Question

Organic chem!
I did this excercise, but I'm not sure how to explain the following:
RC(O)CH2C(O)R' + R3N --> RC(O)CHC(O)R' + R3NH+
The equilibrium position goes to the right, because the proton is donated to R3N, so R3NH+, though I don't really know how or why?
pKa value for RC(O)CH2C(O)R' is 9, and R3NH+ is 12. How do I know those are the indicated pKa values whose difference will result in the equilibrium constant, Keq, and why do I have to expess it like= 10^+3 (12-9=3)?
Is RC(O)CH2C(O)R' a Bronsted acid?

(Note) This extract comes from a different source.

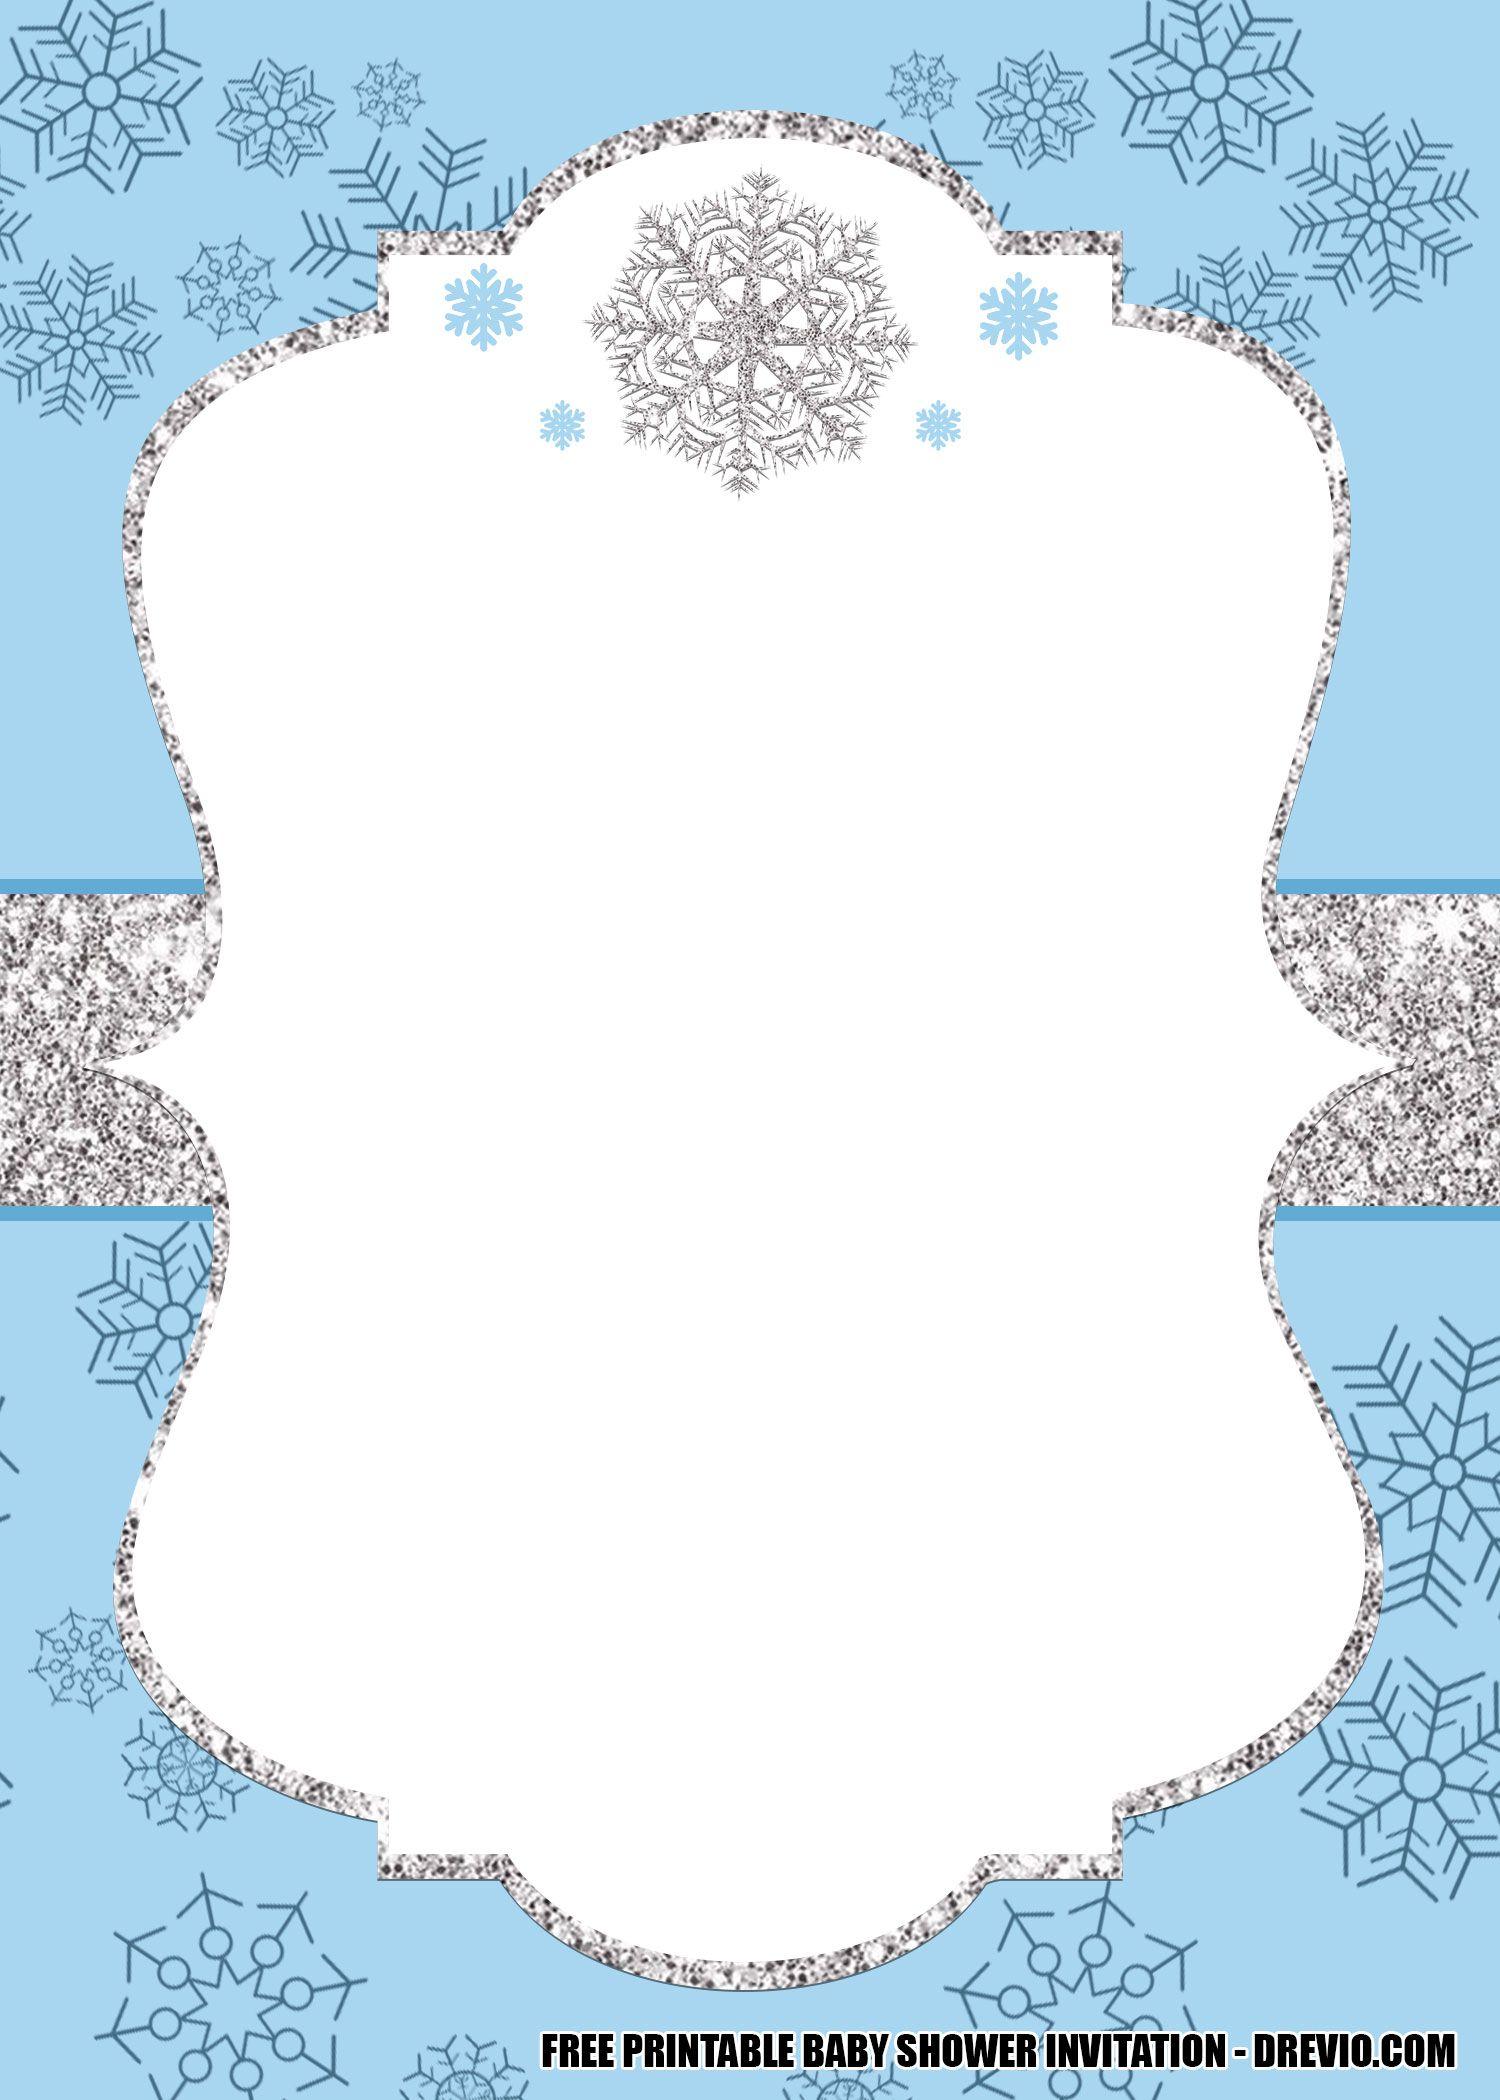 Free Winter Wonderland Baby Shower Invitation Templates Editable Winter Wonderland Baby Shower Baby Shower Invitation Templates Baby Shower Invitations

It donates protons.
Please help me :D, I'm having a really, really hard time :'(

Answer 1

\(R_3N\) is a the general form for a tertiary amine base, look at the attachment i drew the mechanism for the reaction.

pKa is the negative logarithm of Ka, so when you convert to Ka, you take the inverse logarithm which is

\(\sf\large pKa=-log(Ka)\rightarrow Ka=10^{-pKa}\)

When you wanna find the K for a reaction of two K's combine then you multiply those values.

\(\sf \large K_{final}=K_1*K_2\)

For this reaction one of them is actually acting as a base, you have the use the Kb instead of the Ka:

\(\sf \large K_b=\dfrac{1}{Ka}\)

\(\sf \large K_{final}=K_1*\dfrac{1}{K_2}=10^{-9}*\dfrac{1}{10^{-12}}=10^3=1000\)